Background technology
Along with China's industriallization and process of urbanization, a large amount of industry and domestic pollutant are discharged in the environment, bring more and more serious pollution to water body.The water quality that worsens not only causes numerous regional water quality property lacks of water, increases the cost that entire society obtains water resources, and even more serious is to go back the health of entail dangers to people, thereby need handle the waste water that contains pollutent, makes it can qualified discharge.Along with the continuous development of water technology, most waste water can both obtain handling, but for a long time, the processing of the organic waste water of biodegradability difference is the difficult point in the water technology always in the environment, also is the important difficult problem of puzzlement countries in the world environment circle.
Such waste water is because biodegradability is poor; Be difficult to directly adopt biochemical method to handle; Basically there is not effect through the processing of ordinary methods such as common filtration and flocculation; And charcoal absorption even depth treatment technology cost is too high, and membrane separation technique is because also there is certain difficulty in practical problemss such as investment costliness and film pollution on using.
The research of the biodegradability of catalyzed oxidation technical finesse in recent years difference organic waste water has obtained significant progress.The mechanism of catalyzed oxidation is to combine with oxygenant with catalyzer, in reaction, produces active extremely strong radical (like OH); Through the adduction between radical and the organic cpds, replacement, transfer transport, scission of link etc., make the macromole hardly degraded organic substance oxidative degradation in the water body become to be easy to biodegradable small-molecule substance, even directly be degraded into CO again
2And H
2O is near permineralization.Because it is simple to operate that the catalyzed oxidation technology has, react characteristics such as quick, become the focus that people study.But directly adopt catalyzed oxidation technical finesse waste water cost higher, and adopt the biodegradability of the method raising waste water of catalyzed oxidation, can effectively reduce the processing cost of waste water at method processing waste water, thereby obtain extensive studies through biochemistry.For example:
A.CN1724420A proposes a kind of method of chemical oxidizing-biological biological filtering tank associating water treatment, and this method adopts Fenton reagent-biological aerated filter process to handle chemical plant secondary biochemical water outlet, and the COD of processed waste water can reduce to 30mg/L.

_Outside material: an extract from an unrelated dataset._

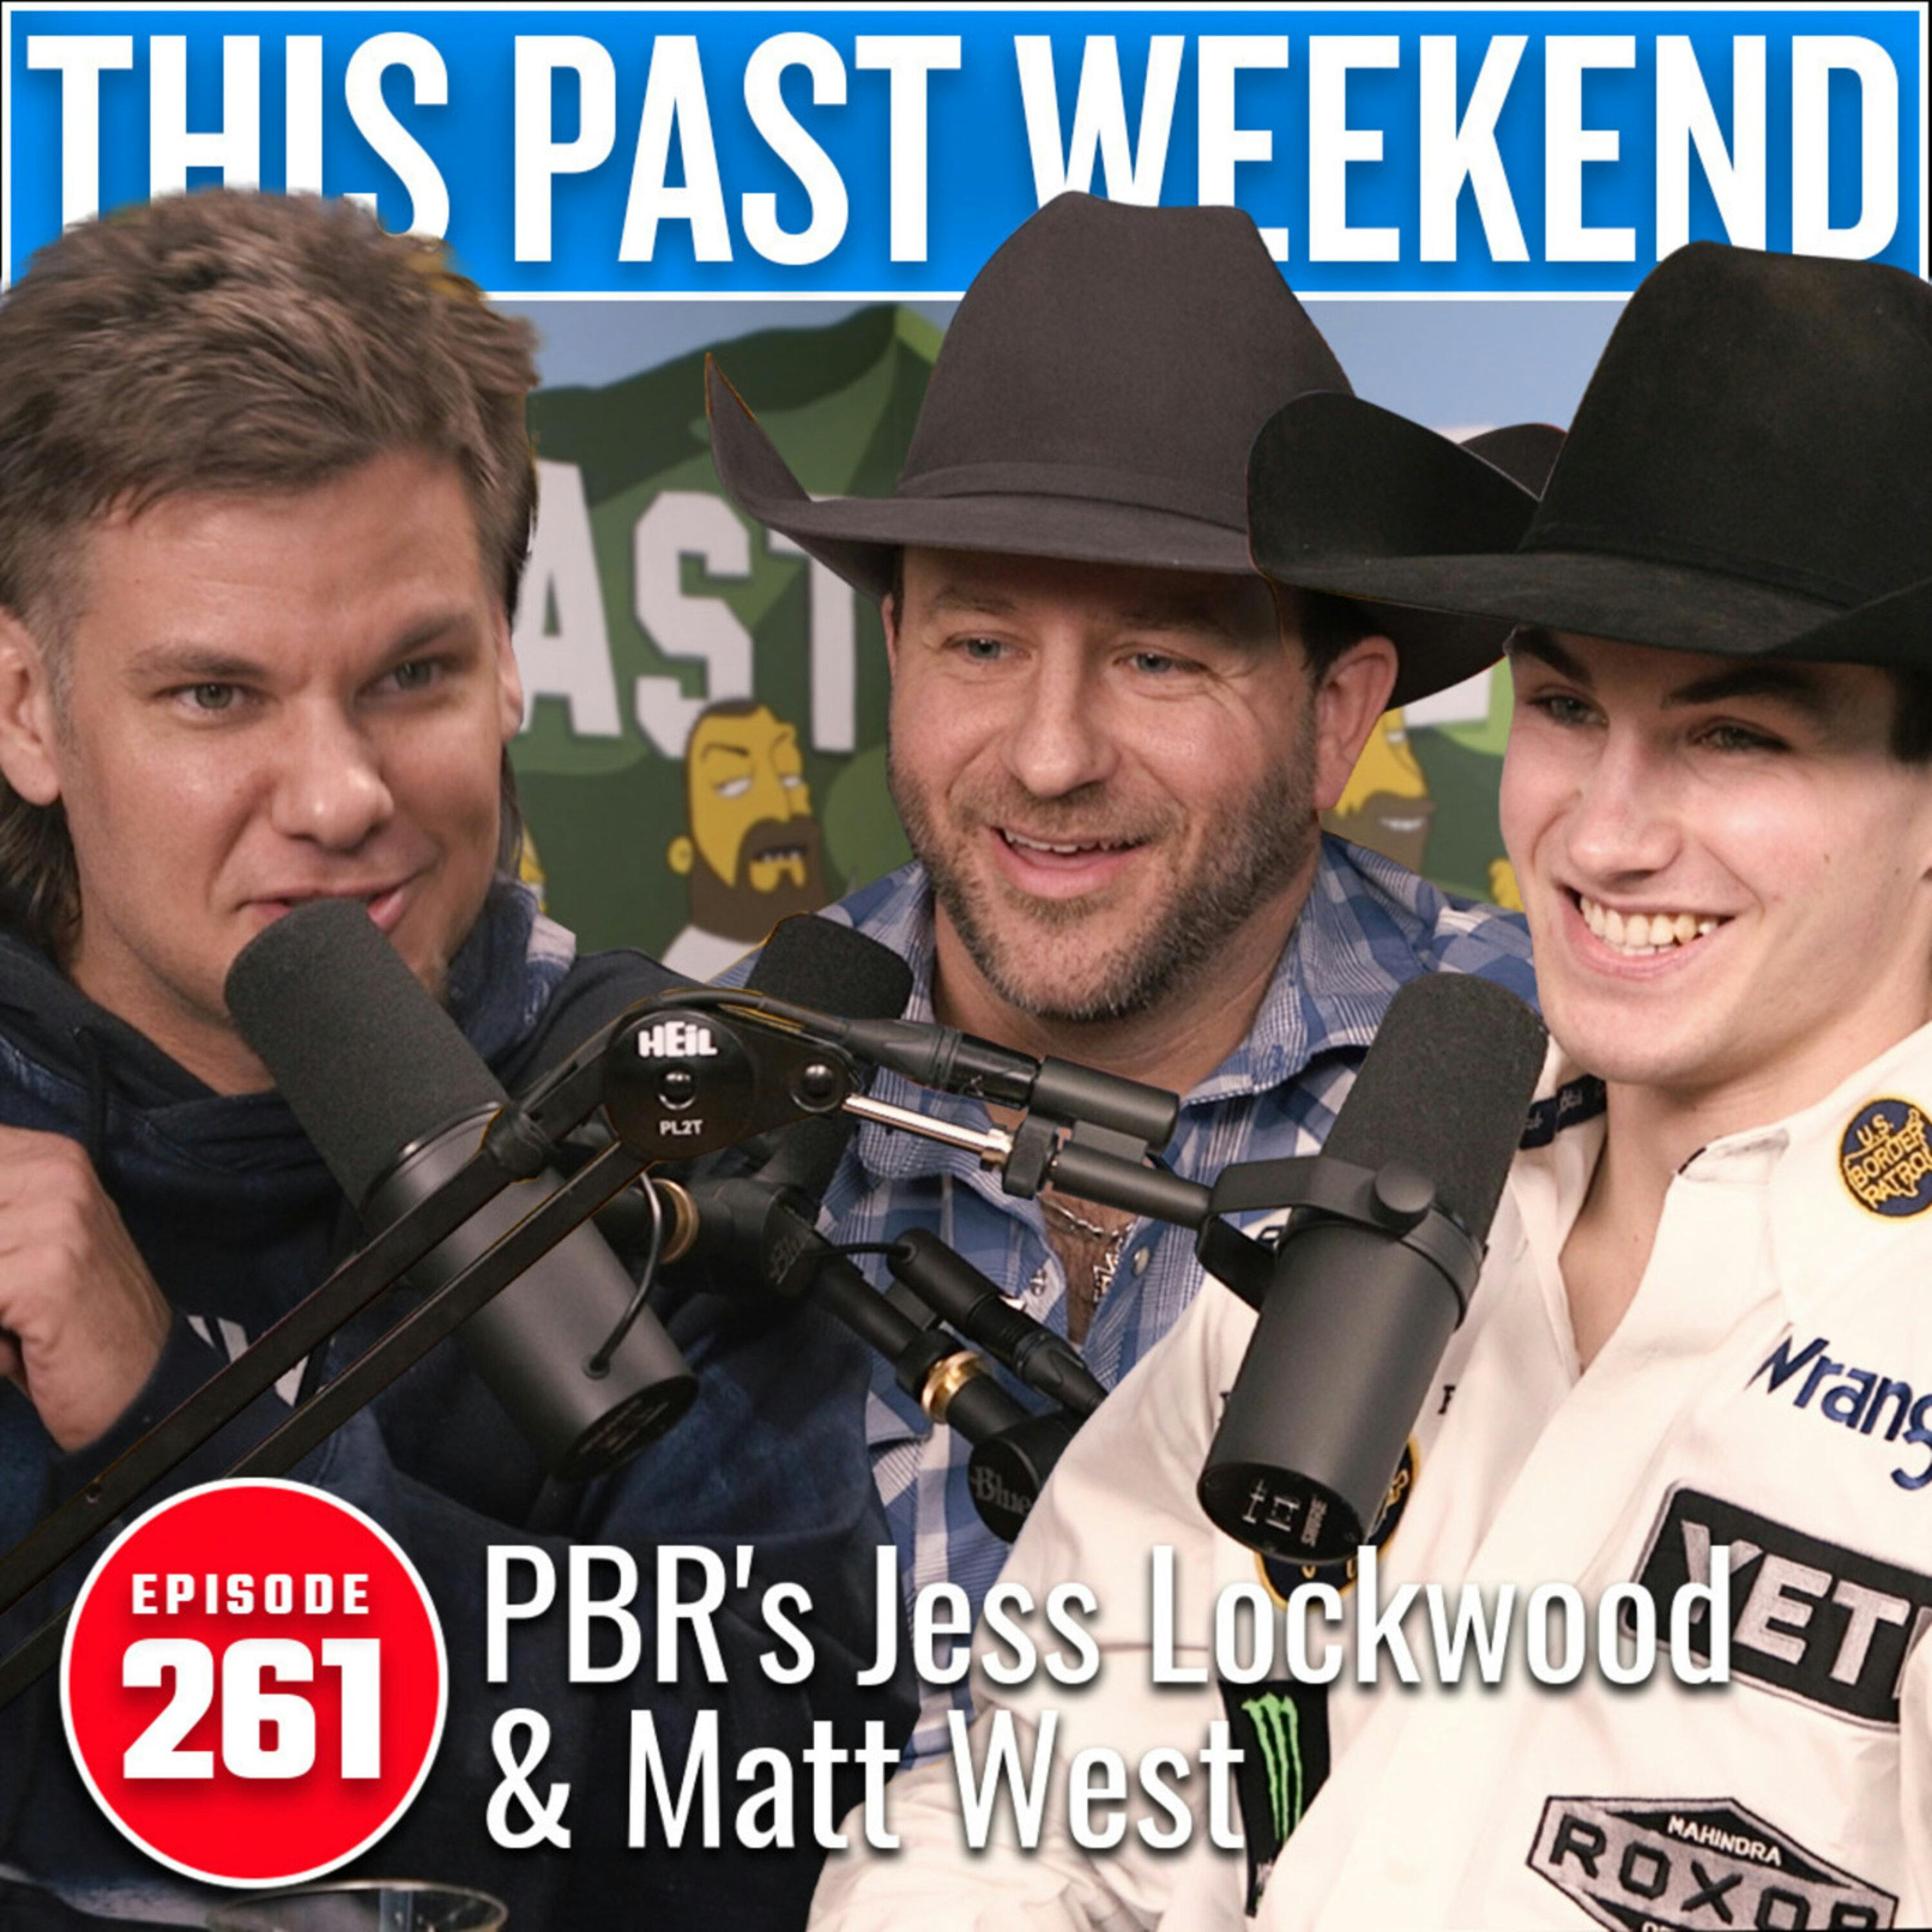 PBR's Jess Lockwood & Matt West | This Past Weekend #261 by Theo Von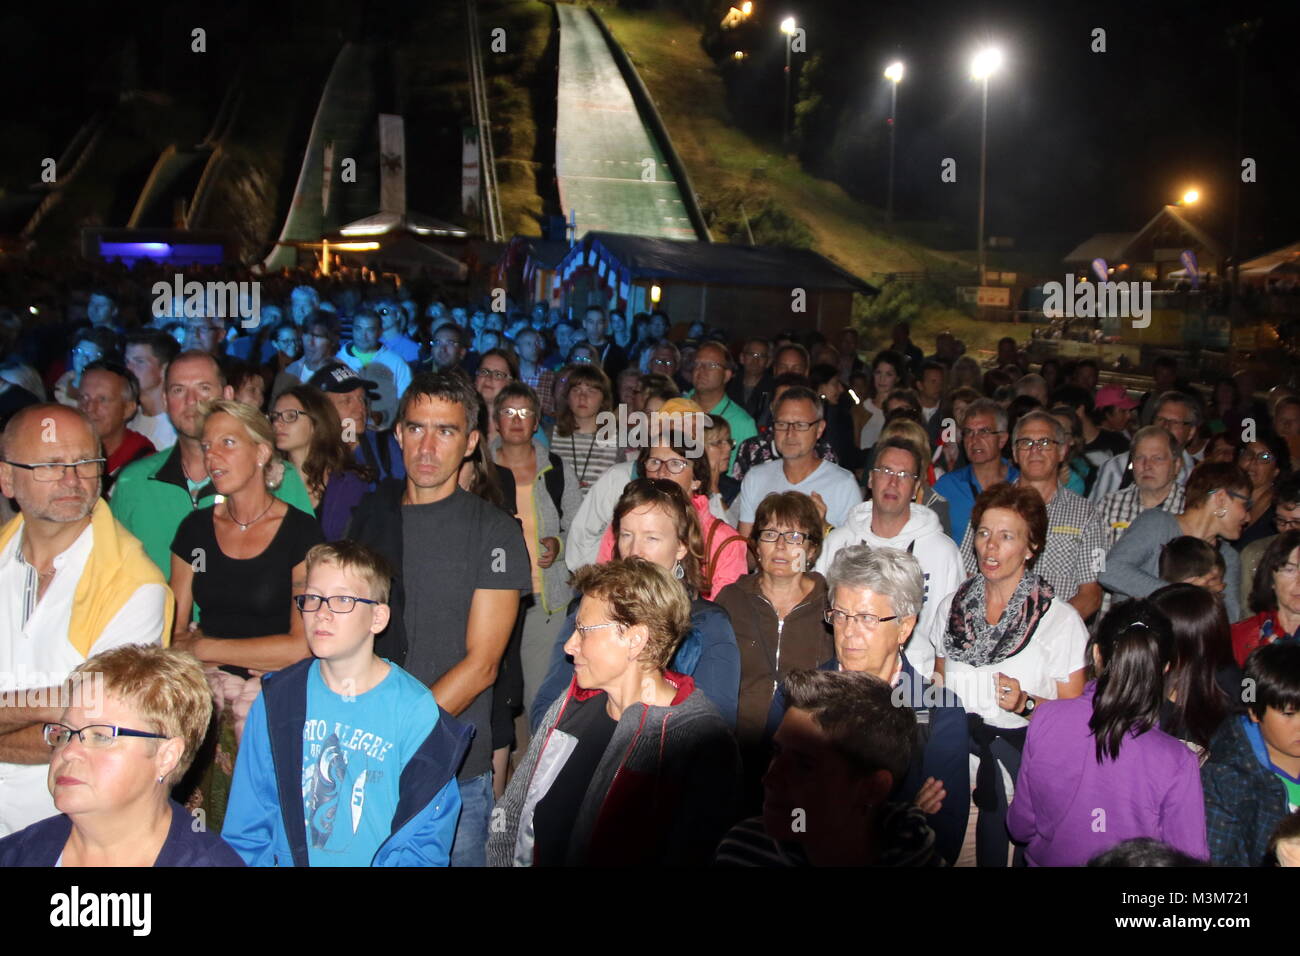 Hören, staunen und genießen - die Skisprungfans an der Adlerschanze bei der Open Air Show "ABBA' Foto Stock

B.CN16366893A proposes a kind of using up and helps Fenton's reaction, flocculation and microbiological deterioration coupling to handle the method for waste water, and its COD clearance can reach 98.9%.
But aforesaid method remains in problems such as the acid and alkali consumption amount are big, and industrial applications is restricted.
Summary of the invention
The objective of the invention is to propose the method that a kind of catalyzed oxidation associating BAF is handled waste water, with the processing cost of further reduction waste water.
The method of the processing waste water among the present invention is on the basis of conventional catalyst method for oxidation, adds alkali after the employing and precipitates the consumption that the mode that refluxes reduces soda acid, improves the treatment effect of catalyzed oxidation.
The method of processing waste water provided by the invention may further comprise the steps in order:
4) make pending waste water all or part of, get into oxidation pond through after flocculation basin carries out flocculation sediment;
5) in oxidation pond, add acid, the pH value 0~8 of regulating waste water adds oxygenant and catalyzer and carries out catalytic oxidation;
6) waste water after the oxidation gets into the settling bowl sedimentation, adds alkali after supernatant is discharged and regulates pH value 5~9, gets into BAF processing back and discharges; The acidic precipitation that settles down is back to and adds acid in the dissolving tank and be adjusted to all dissolvings of deposition, and solution gets into flocculation basin and all or part of pending waste water carries out flocculation precipitation reaction.
The oxygenant that adopts among the present invention can be a kind of in ydrogen peroxide 50, ozone, hypochlorite, perchlorate, the persulphate, preferred ydrogen peroxide 50.
Catalyzer among the present invention can be to go back the ortho states transition metal ion; Can be selected among Fe2+, Mn2+, Ni2+, Co2+, Cd2+, Cu2+, Ag+, Cr3+ and the Zn2+ one or more; Preferred Fe2+; Can derive from ferrous sulfate, iron protochloride, the Iron nitrate one or more, preferably sulfuric acid is ferrous.
The acid that the present invention adds can be a kind of in sulfuric acid, hydrochloric acid, the nitric acid, preferably sulfuric acid.
The alkali that adds among the present invention can be a kind of in sodium hydroxide, Pottasium Hydroxide, sodium hydrogencarbonate, the yellow soda ash, preferred sodium hydroxide.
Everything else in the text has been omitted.